Merging data in SAS using PROC SQL JOINS¶
Generally for our purposes, when we want to merge together two datasets in SAS we use JOIN commands in a PROC SQL step. All SQL joins are akin to many-to-many joins implemented by the joinby function in Stata — these joins are not on their face equivalent to 1:1, 1:m, or m:1 joins unless you ensure that the tables you are joining are unique on the join variables yourself.
Conceptually, SQL joins involve a “left” table and one or more “right” tables to be joined. All joins are Cartesian products made on the the specified merge key variables. This means if there are two duplicate matching keys in the left table and two duplicate matching keys in the right table, there will be four duplicate keys in the output dataset. Another way to phrase this is that each observation is assigned all of the rows that it matches to.
The most common join we use is the LEFT JOIN but all types are outlined below
LEFT JOIN¶
A LEFT JOIN selects all the obervations in the left table regardless of their key values but only selects observations with matching key values from the right table.

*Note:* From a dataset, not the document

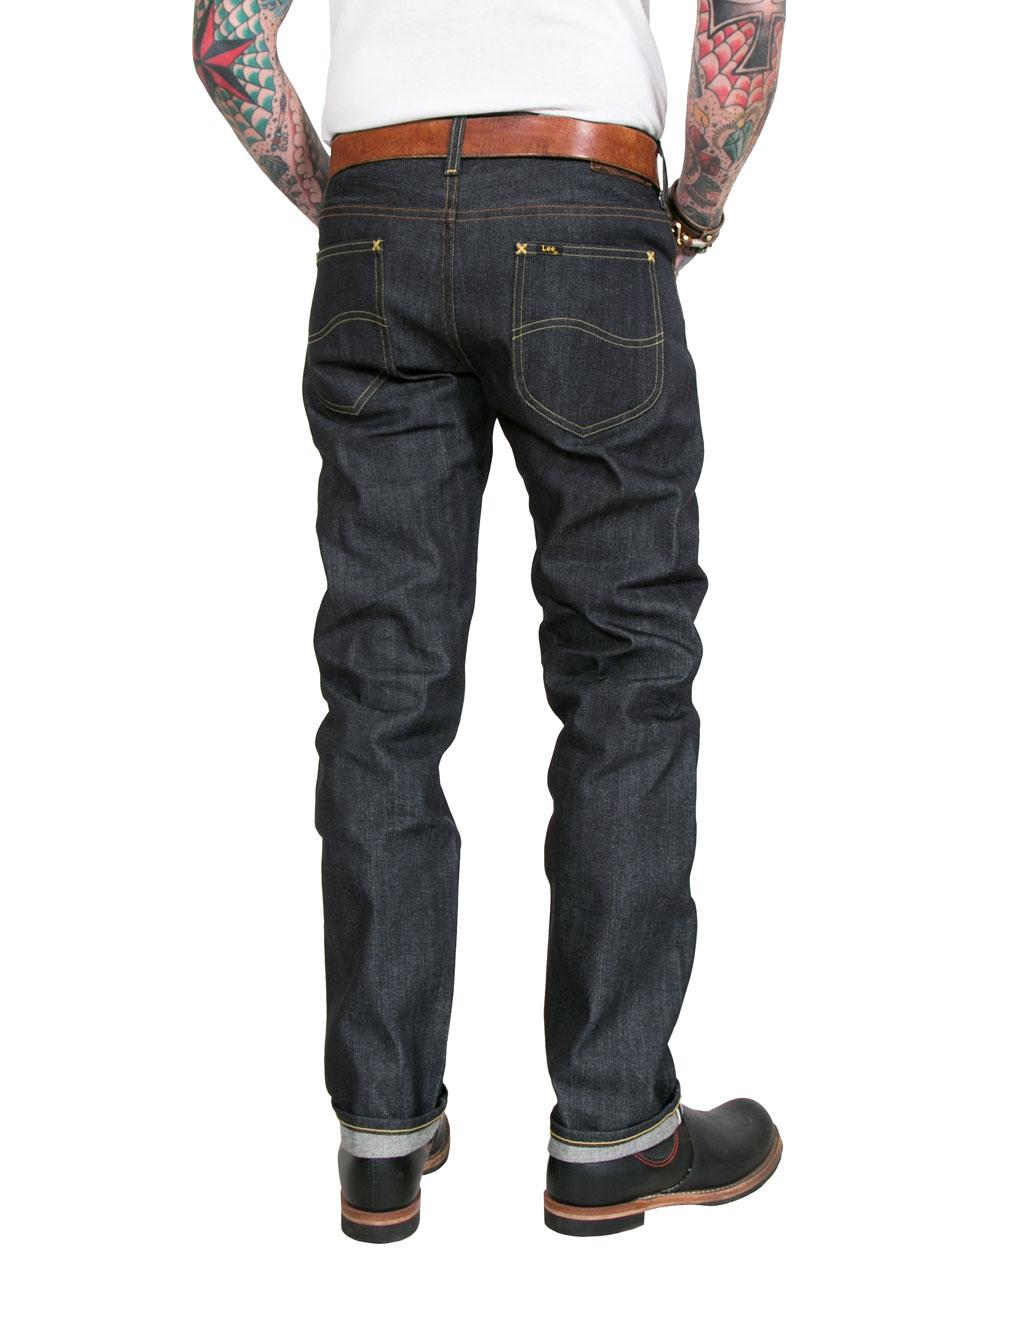 9fb0a16e Lee - 101 S Regular Fit Raw Jeans - Dry Selvage Denim - 13 3/4oz - Blu

Variables from the right table in rows where there is no match are assigned missing values. A LEFT JOIN is not commutative (i.e. reversing the order of the data sets can produce different results).
Example¶
In this example, we merge on state from out.kid_geos using a LEFT JOIN onto in.fake_micro and save the resulting dataset in out.left_join_example.
Here, we use the select statement to only keep certain variables from each dataset, labeled A or B. These labels are assignedbelow in the from and left join statements.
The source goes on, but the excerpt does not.